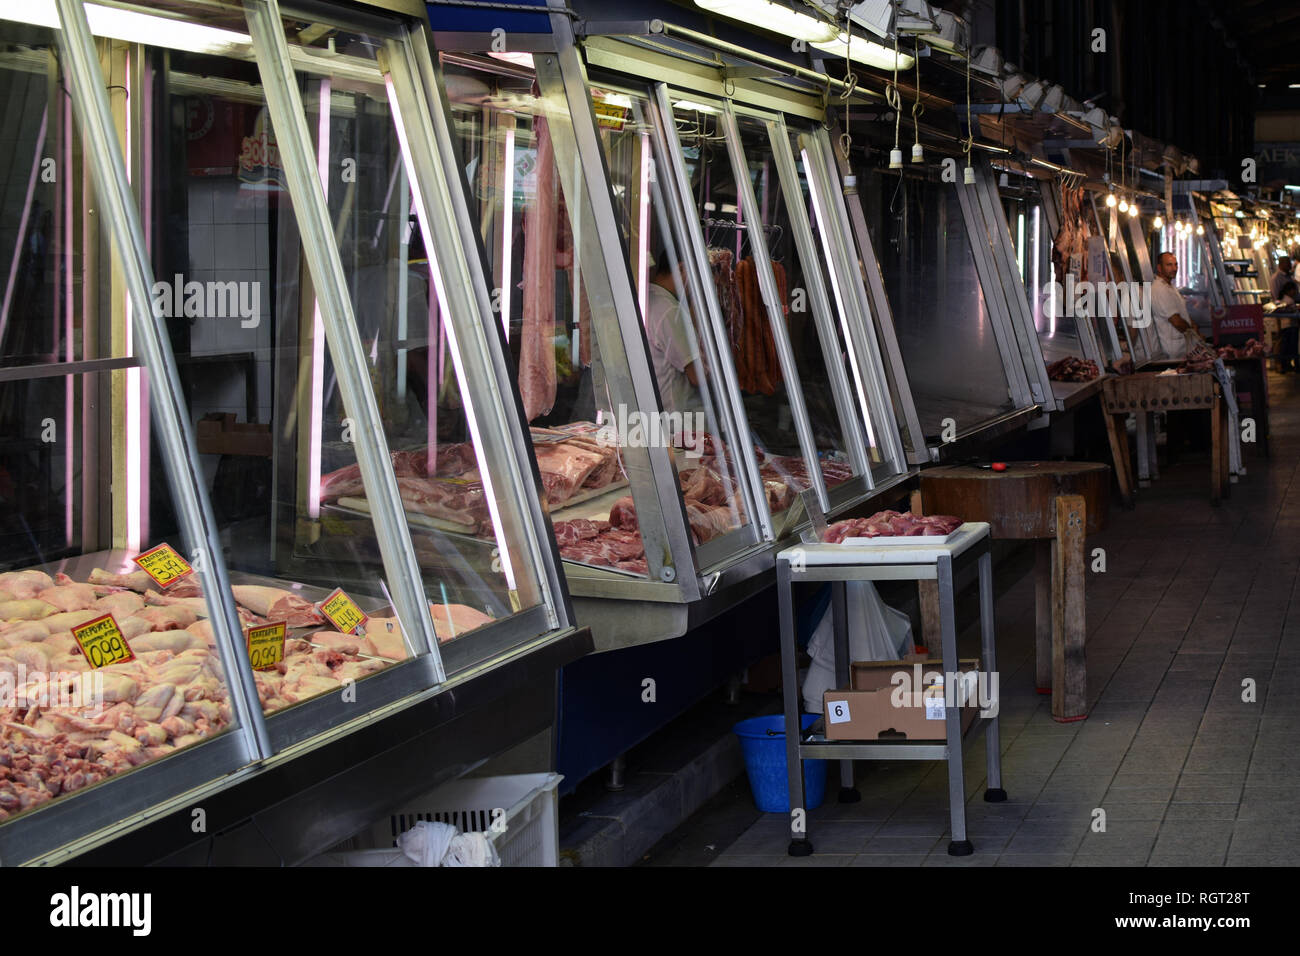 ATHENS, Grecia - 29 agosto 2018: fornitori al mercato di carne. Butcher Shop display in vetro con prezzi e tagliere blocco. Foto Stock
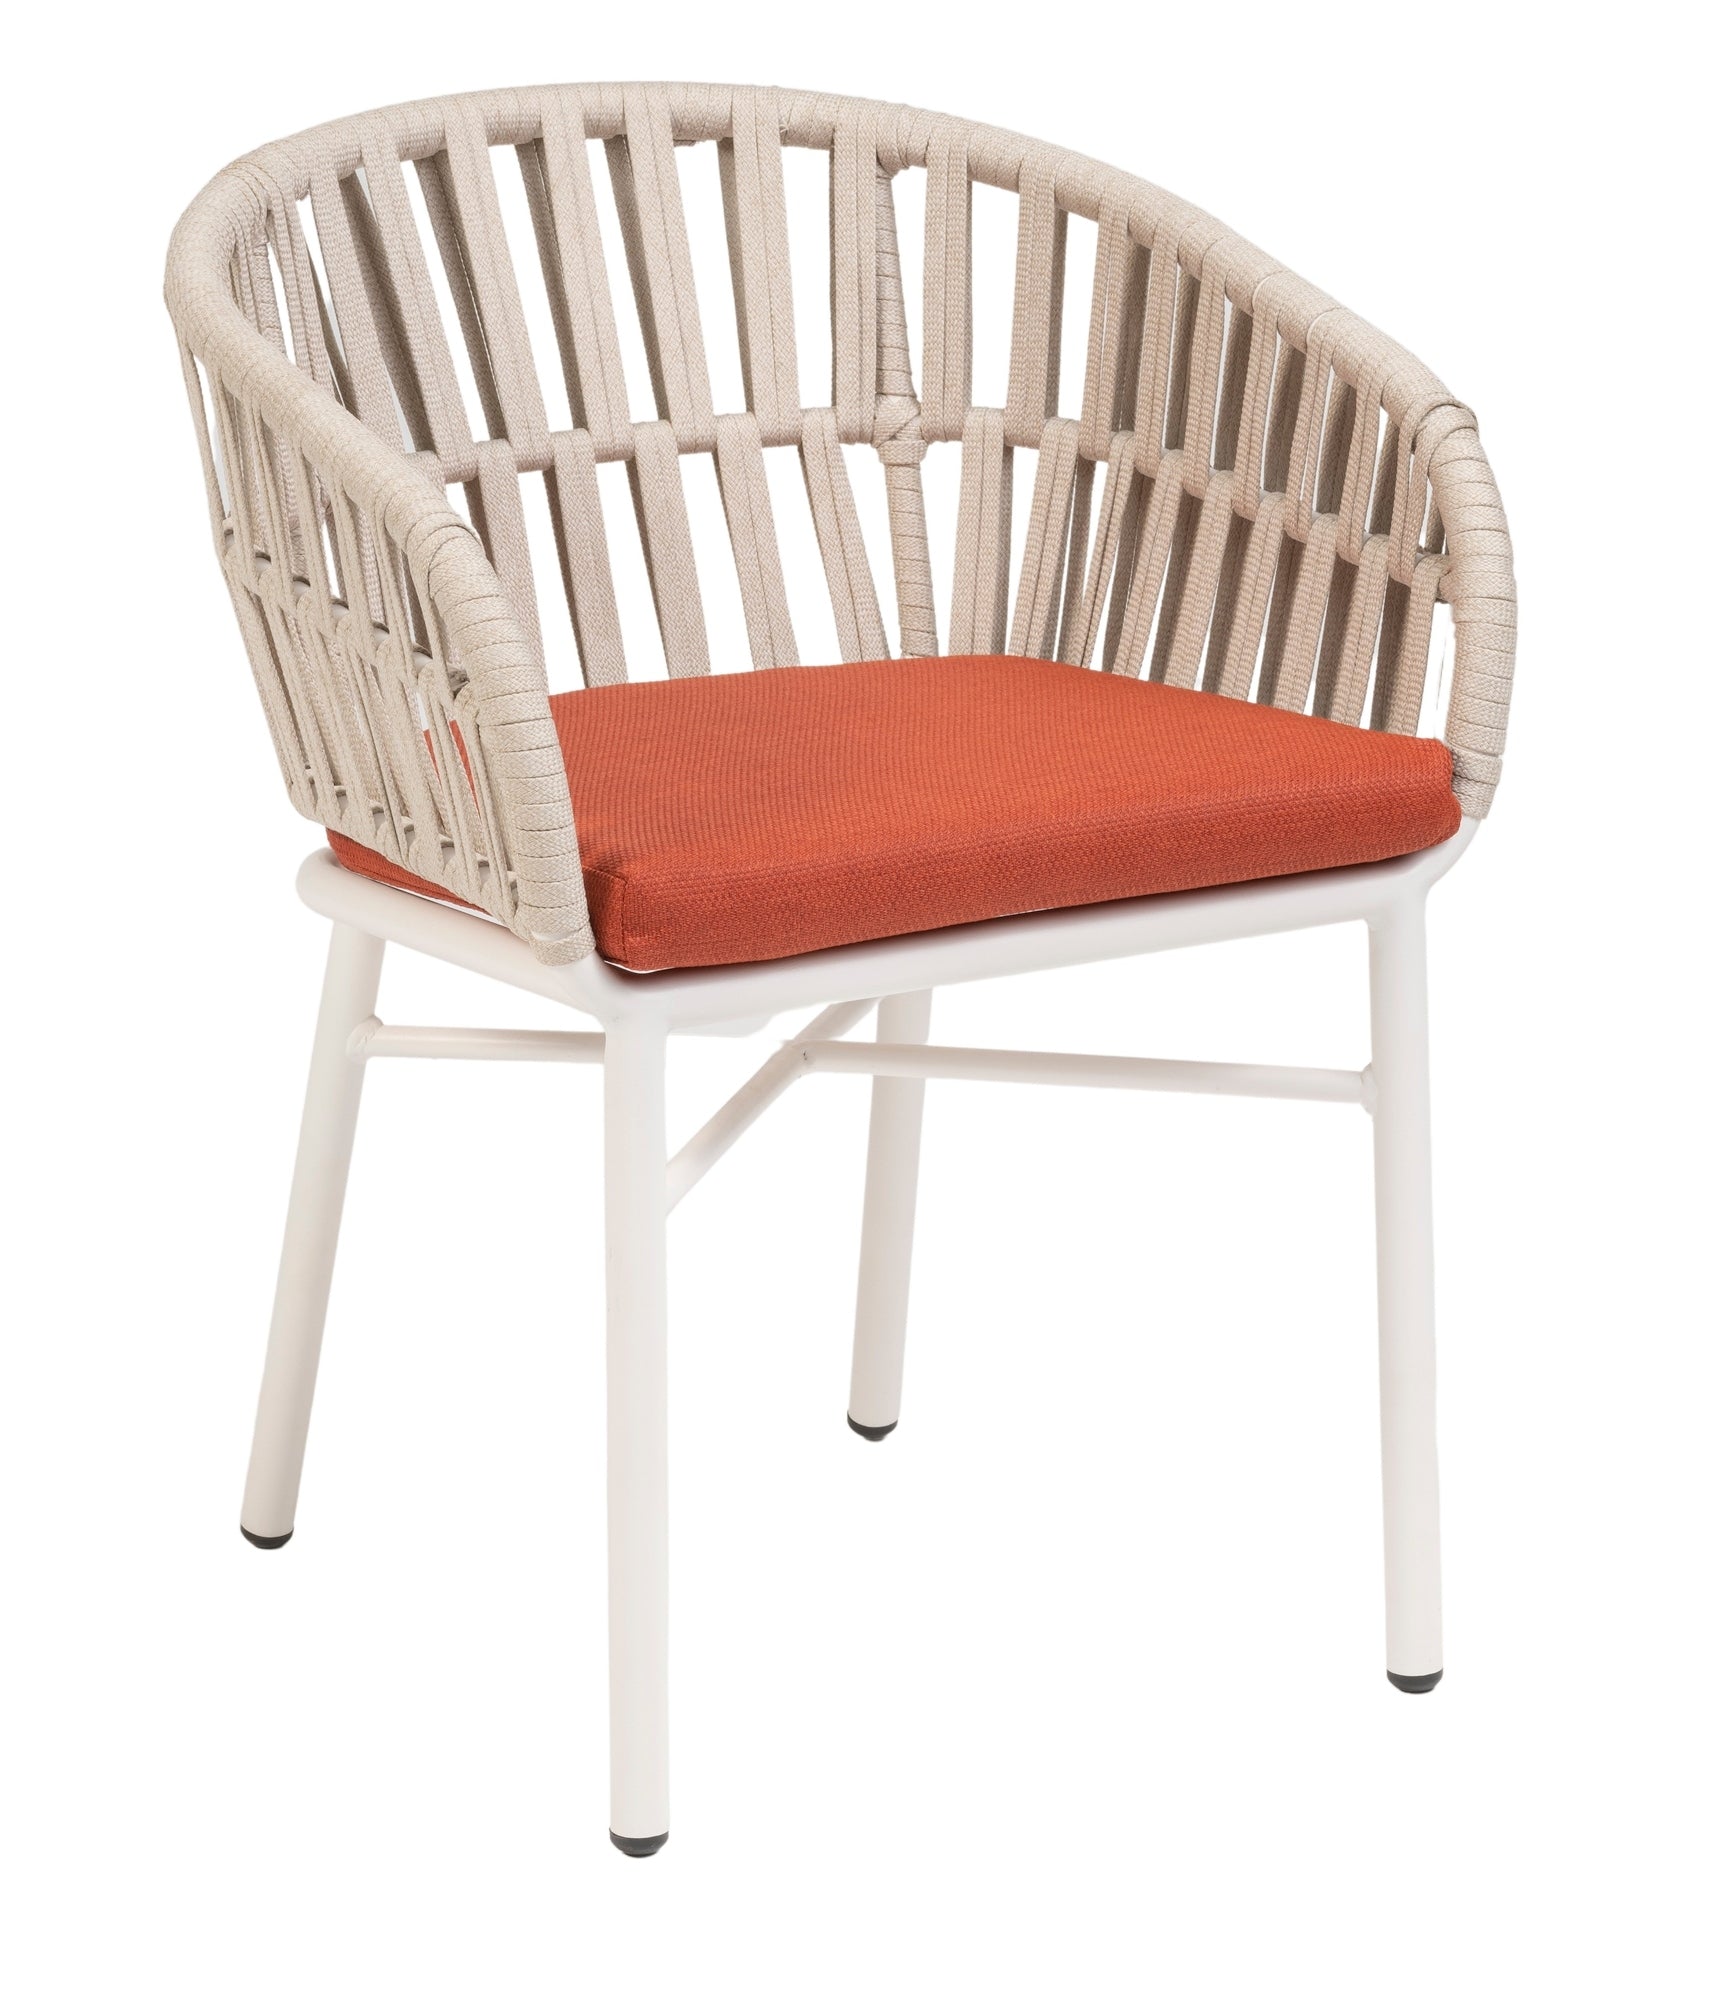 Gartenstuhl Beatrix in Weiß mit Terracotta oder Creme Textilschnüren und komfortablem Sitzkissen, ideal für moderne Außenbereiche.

————

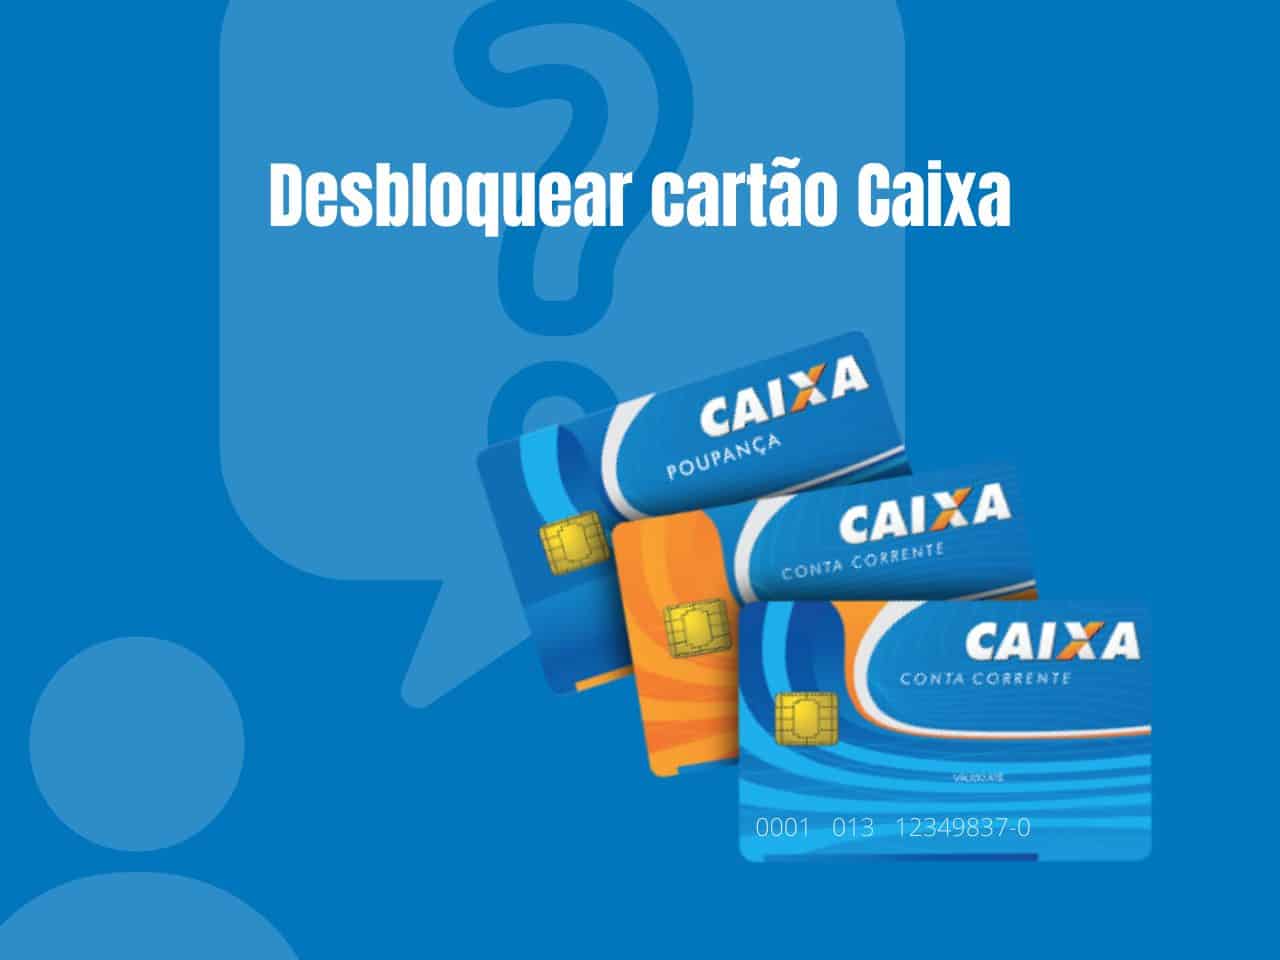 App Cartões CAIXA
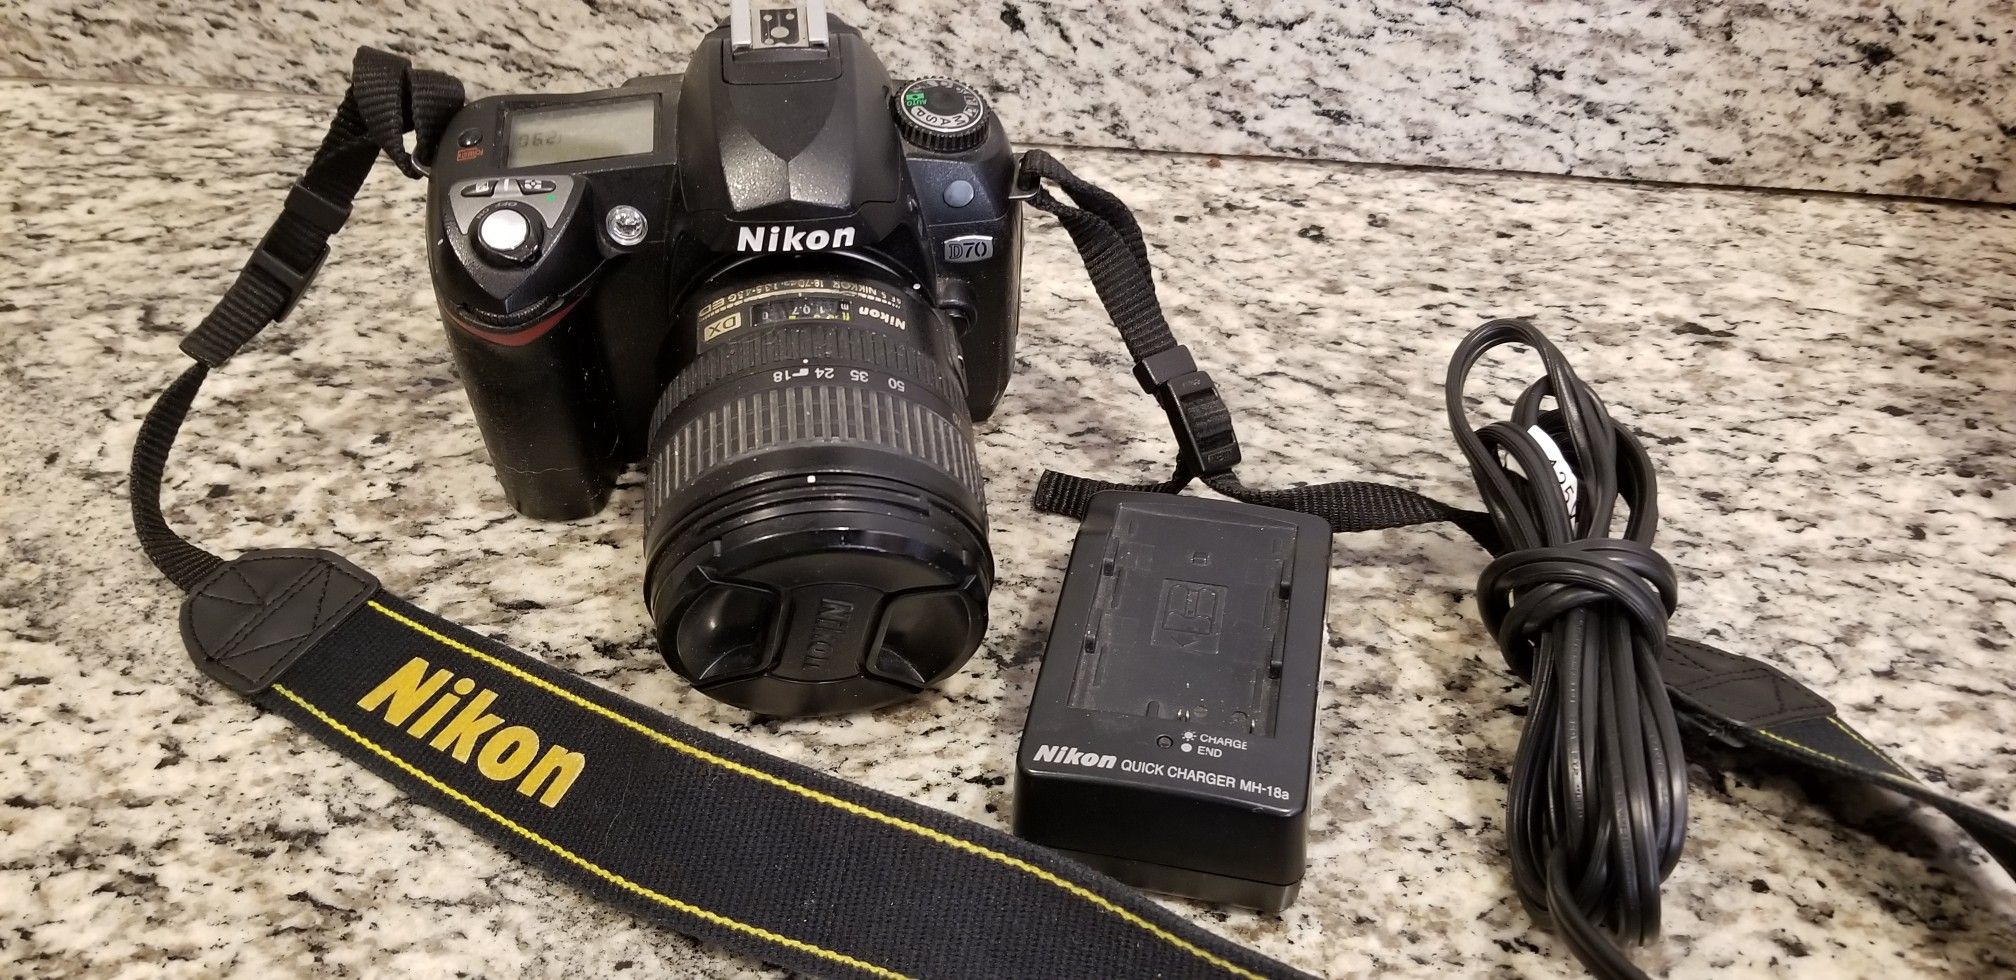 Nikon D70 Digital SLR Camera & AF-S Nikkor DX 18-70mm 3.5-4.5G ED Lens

————

### Work to complete
Nothing but the lines above from the line with "ATHENS, Grecia - 29" up to and including the line with "Gartenstuhl Beatrix in" should be returned, exactly as written and without pictures.

### Problem solution
 ATHENS, Grecia - 29 agosto 2018: fornitori al mercato di carne. Butcher Shop display in vetro con prezzi e tagliere blocco. Foto Stock
 Gartenstuhl Beatrix in Weiß mit Terracotta oder Creme Textilschnüren und komfortablem Sitzkissen, ideal für moderne Außenbereiche.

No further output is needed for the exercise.